Task instructions:
Exactly as written, return every line of the data below apart from the pictures.

Supplied material:

****

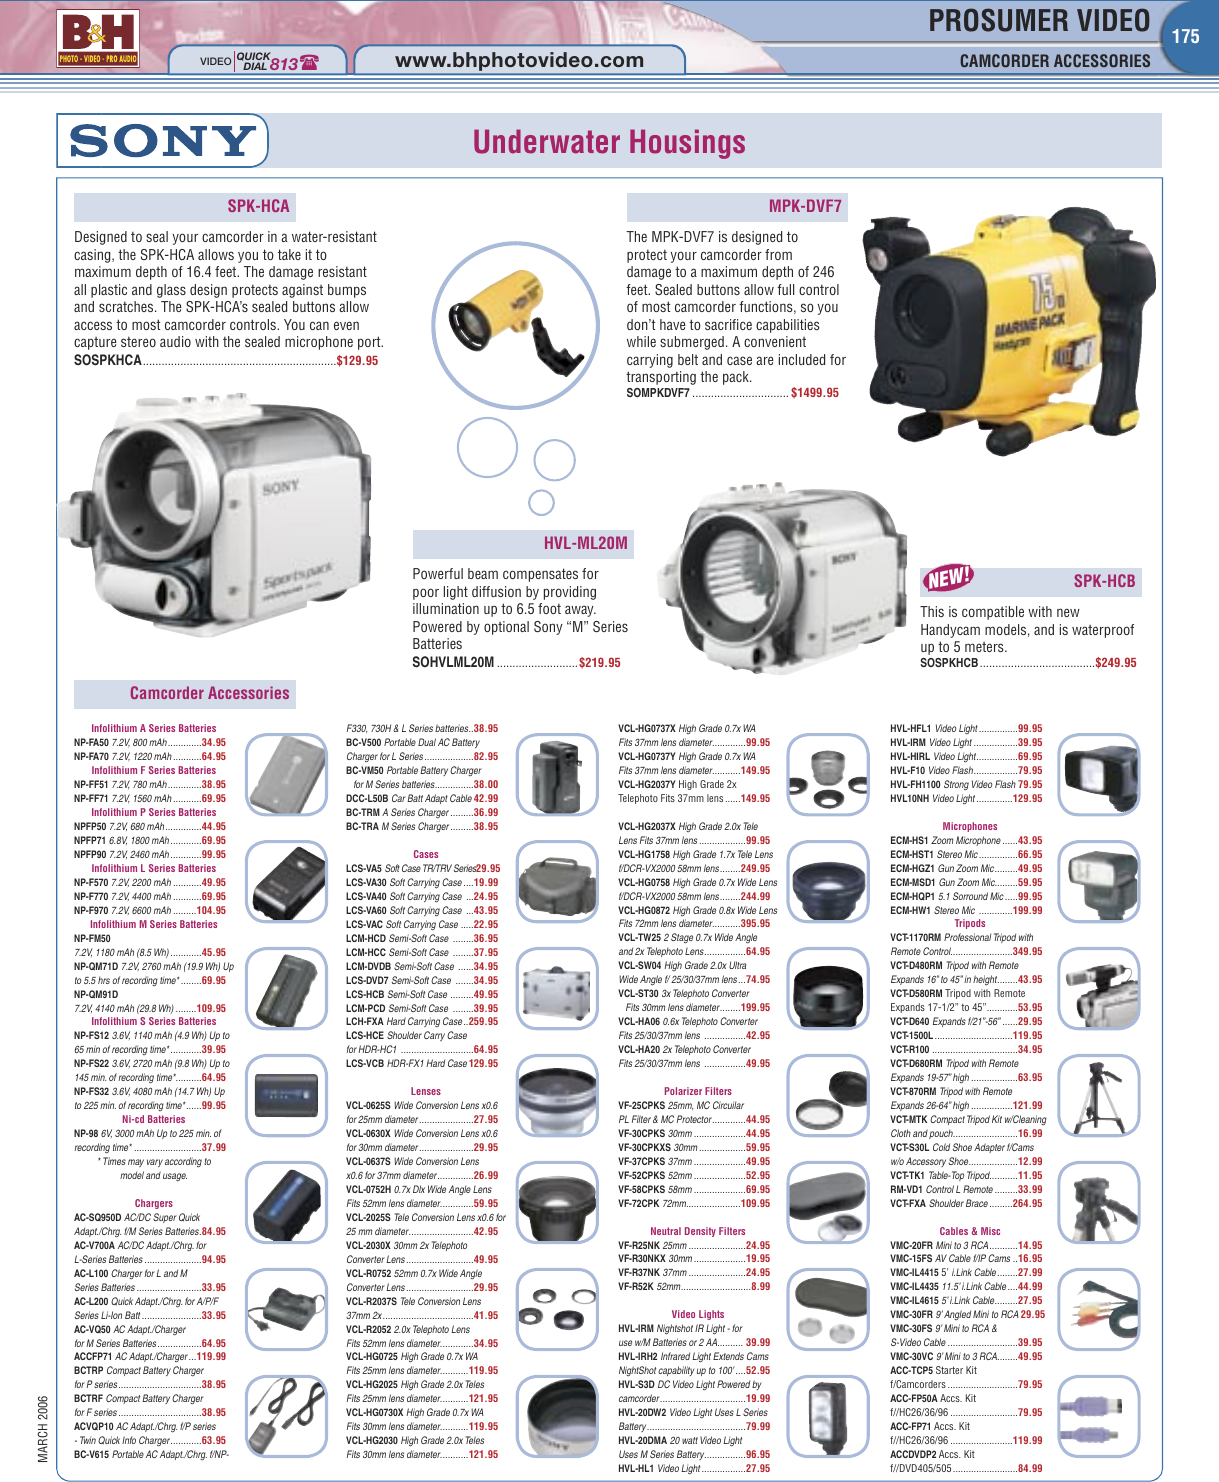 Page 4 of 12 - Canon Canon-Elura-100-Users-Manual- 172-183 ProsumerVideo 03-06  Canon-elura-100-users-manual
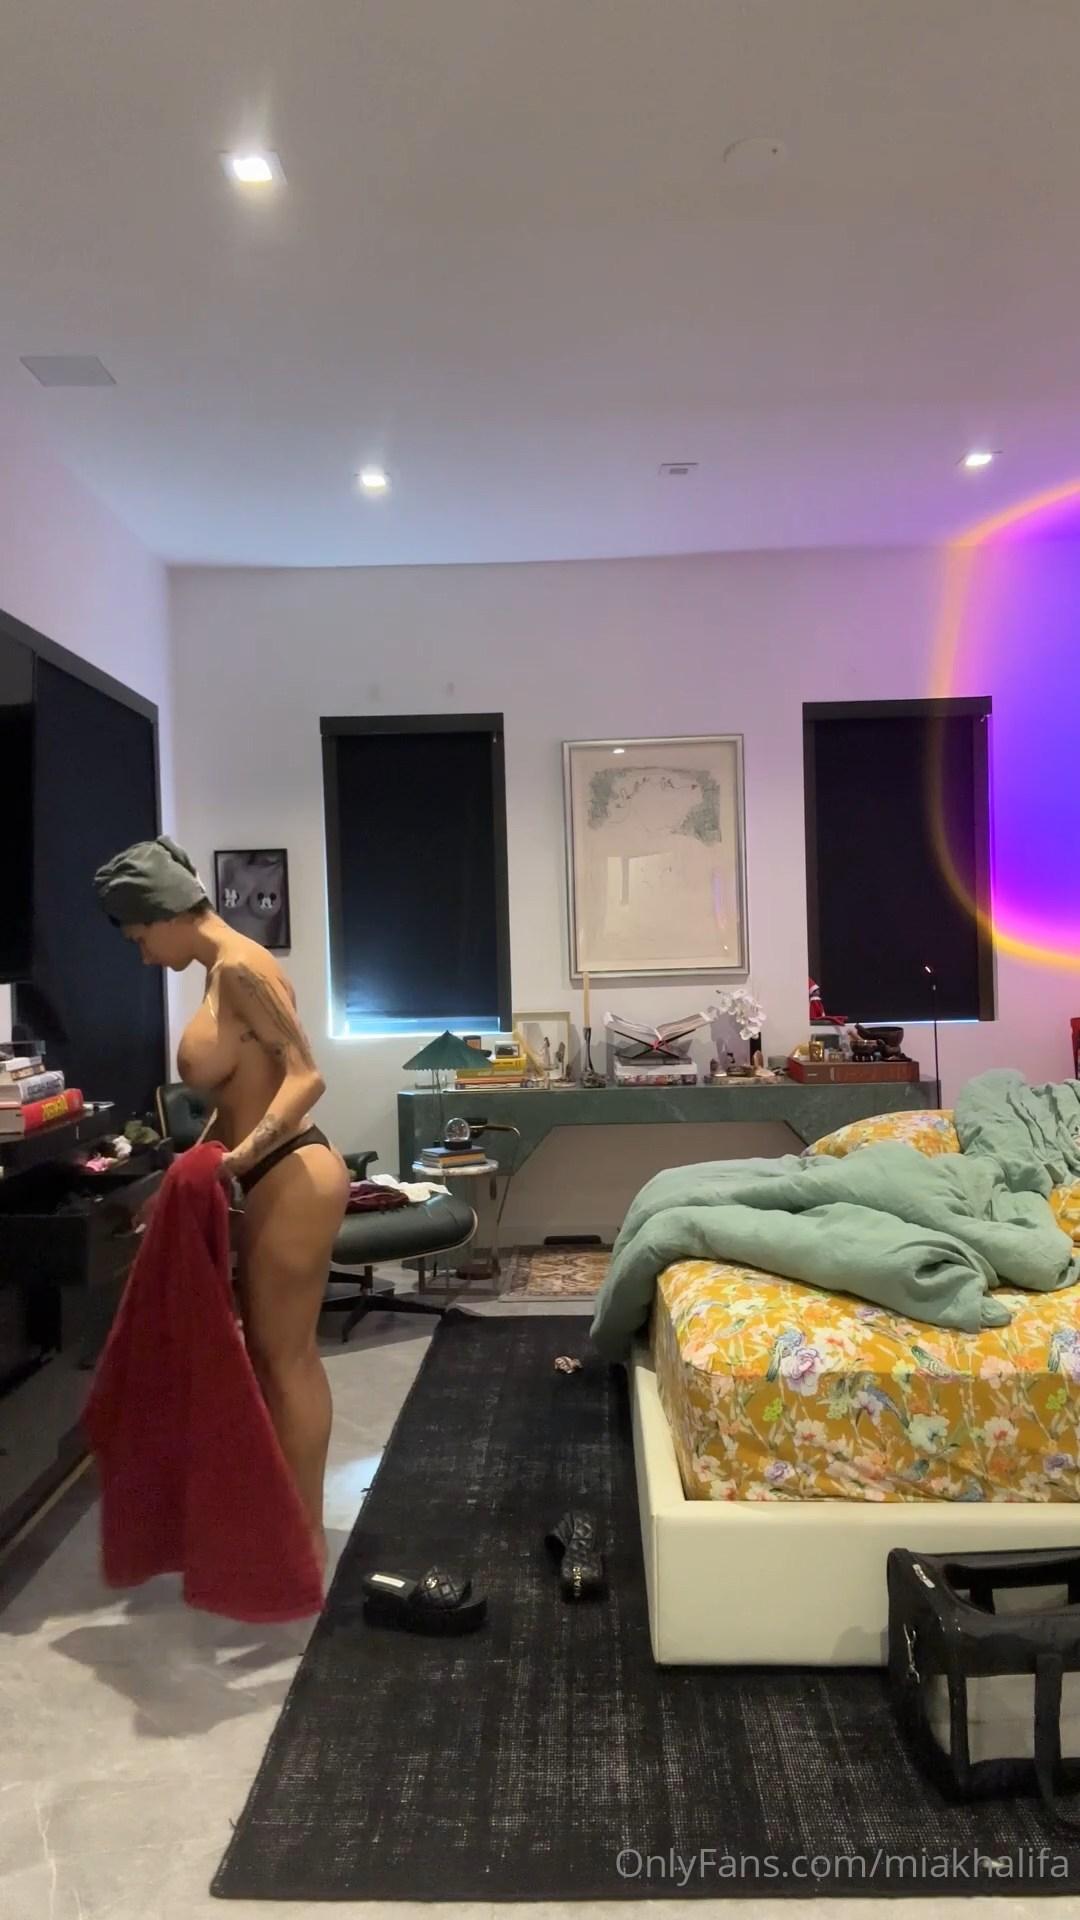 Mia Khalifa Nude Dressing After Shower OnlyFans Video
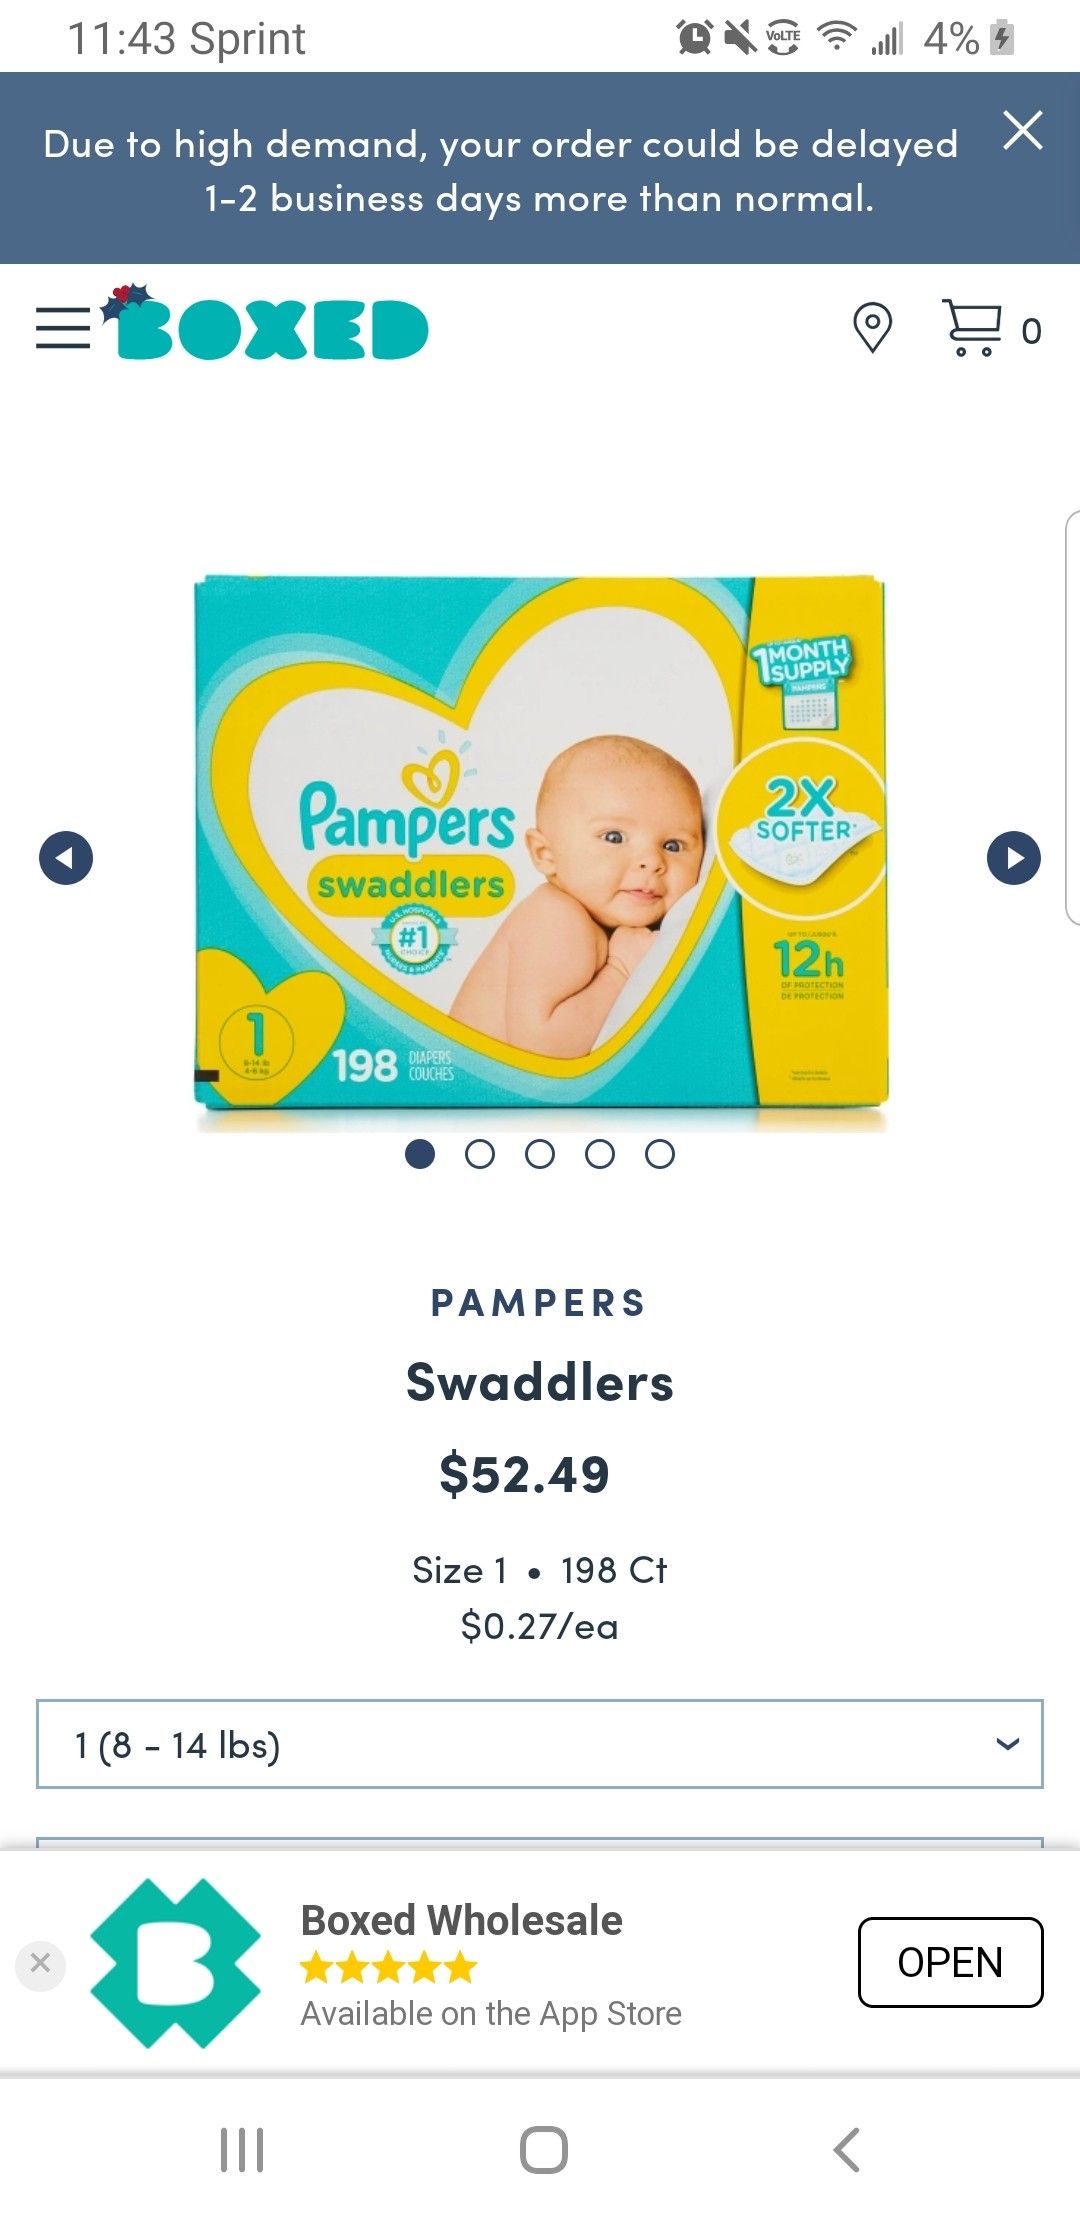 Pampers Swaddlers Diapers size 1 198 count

****

Answer box:
 Page 4 of 12 - Canon Canon-Elura-100-Users-Manual- 172-183 ProsumerVideo 03-06  Canon-elura-100-users-manual
 Mia Khalifa Nude Dressing After Shower OnlyFans Video
 Pampers Swaddlers Diapers size 1 198 count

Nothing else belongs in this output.